Re^2: Perl, Android web app, AJAX, JSON
by LanX (Saint) on Nov 21, 2017 at 08:07 UTC
Re^2: Perl, Android web app, AJAX, JSON
by monx663 (Sexton) on Nov 21, 2017 at 18:09 UTC
    Thanks for the input sundialsvc4.

    I am not sure whether I need to go as far as writing a daemon using RPC::Any::Server for my CMS, in order for the mobile apps to use the CMS as the data and logic "hub".

    This is a web based CMS, that is already written to be compatible with Apache::mod_perl, so I guess it would be unnecessary to wrap it in its own daemon, when Apache essentially does that, as well as provide much other web related functionality, such as cookie based client authentication, logging, caching, memory and performance optimizations etc.

      What others said about the value of previous advice is accurate.

      such as cookie based client authentication, logging, caching, memory and performance optimizations etc

      Apache cannot do some of that (memory and performance) for your code and might or might not be doing other parts as expected or to best practices.

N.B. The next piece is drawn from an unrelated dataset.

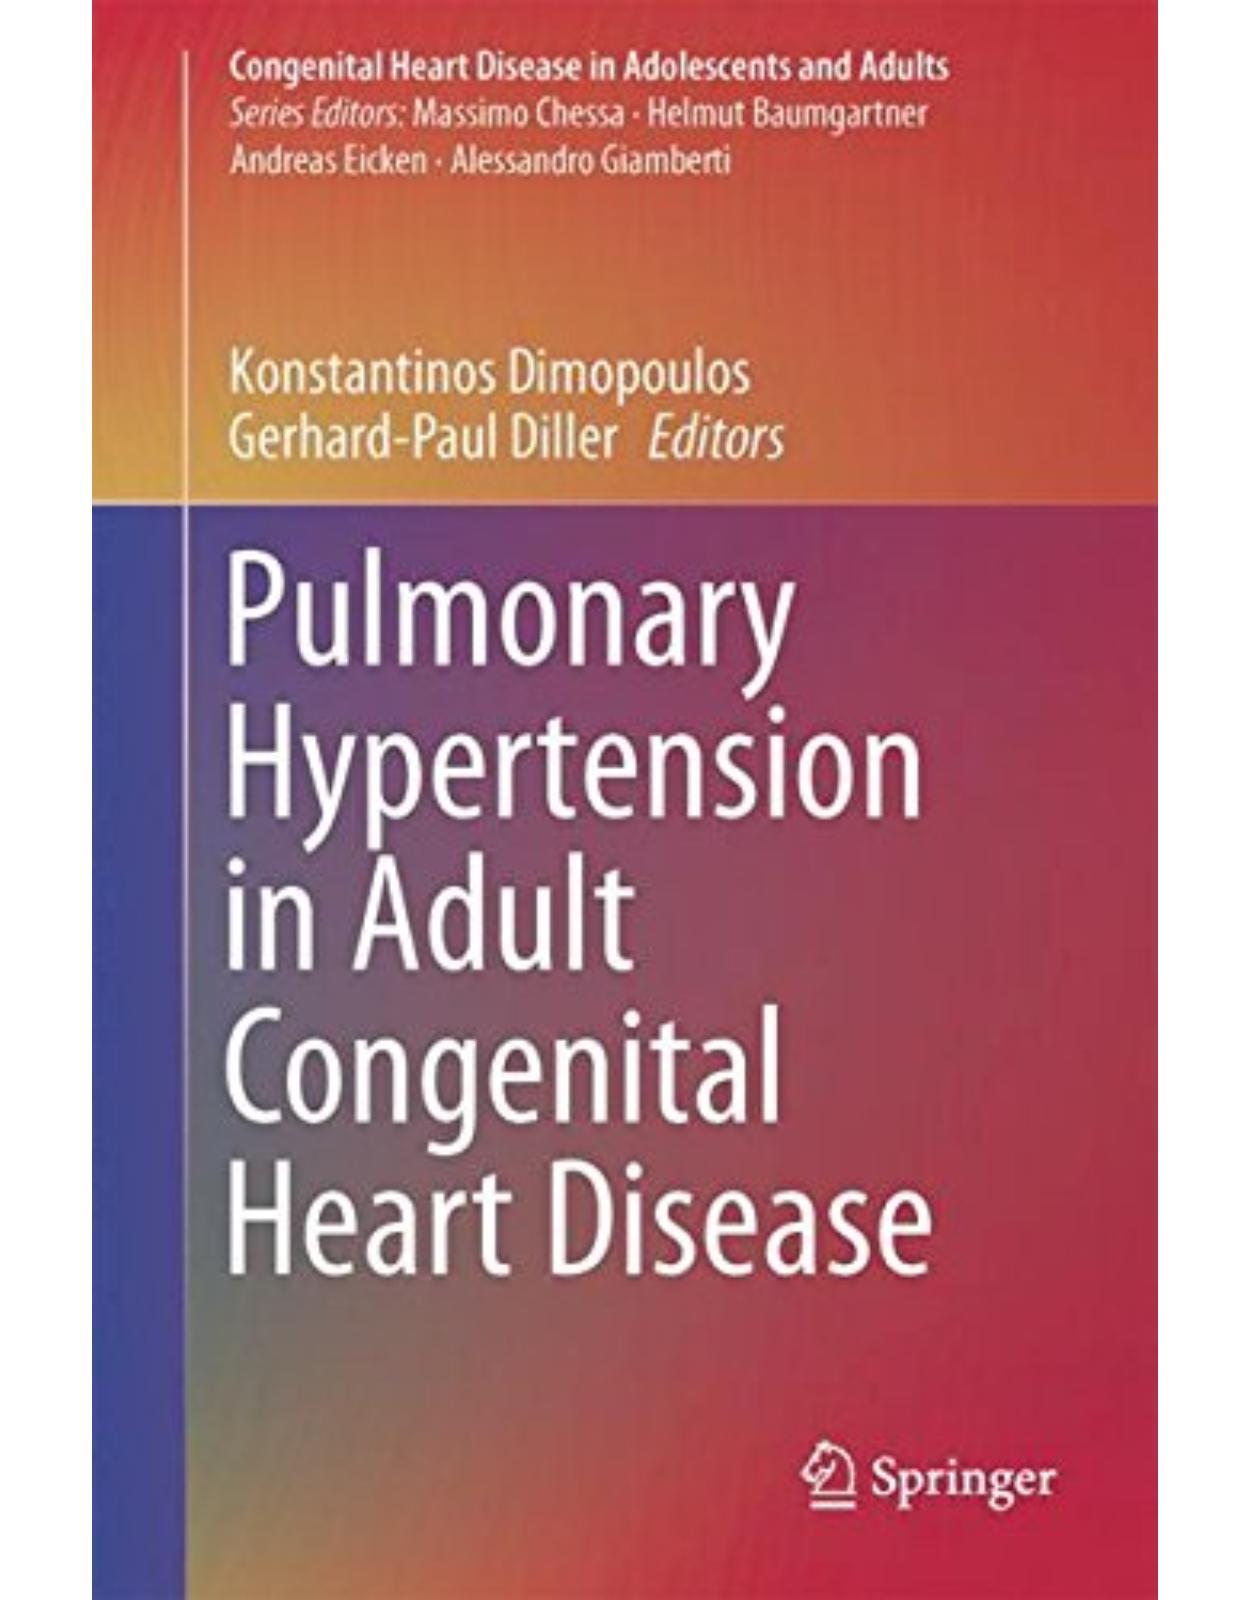 Pulmonary Hypertension in Adult Congenital Heart Disease

This thread is a bit vague though so it's hard to give real advice or discuss individual issues.

      For my part, I am almost always going to agree with anything Corion or LanX recommend. Yes to REST, never-ever to SOAP, yes to Ajax/HTML5 + whatever functionality (for persistent authentication or location services for example) the mobile device exposes through it that you need; use device agnostic JavaScript libraries. Keep up to date with security, OWASP is your best one stop shopping. nginx + uWSGI + plack harnessed apps should be preferred over apache and modperl. Always use standard packages like JSON::XS. Never roll your own. It seems easier or faster than frameworks, like Mojolicious, at first but except in the most trivial cases where you already know what you're doing, it's false economy. Take the learning hit up front instead of floundering your way to it down the road or landing in maintenance Hell.

        Great post, Your Mother. Thanks.

        Actually, it was me that mentioned your quoted keywords in response to a user suggesting I should modify my CMS to use RPC::Any::Server in order for it to act as a hub for the various mobile app clients.
        I especially liked reading about what PSGI/Plack is.
        Seeing this CMS is 100% object oriented, with most packages relying on package inheritance, making it Plack "harnessable" should not be too difficult. (famous last words)
        This web CMS essentially only has a single point of entry with every web request going to its main handler, which in turn invokes the relevant CMS Perl Package to handle the GET or POST, then return its HTML as a string ref to the main handler.


        Thanks for the homework
        Cheers,
        Konstantinos
      Sundial doesn't know anything about HTML, the web, programming, frameworks, interfaces, computers. He is the worst user on the site: http://perlmonks.com/?node=Worst%20Nodes. None of his code works. Don't waste time reading the mess they spew upon this site.

        😂😂😂 lol

        So he's just good at trolling innocent monks trying to go about the programming business? Funny guy.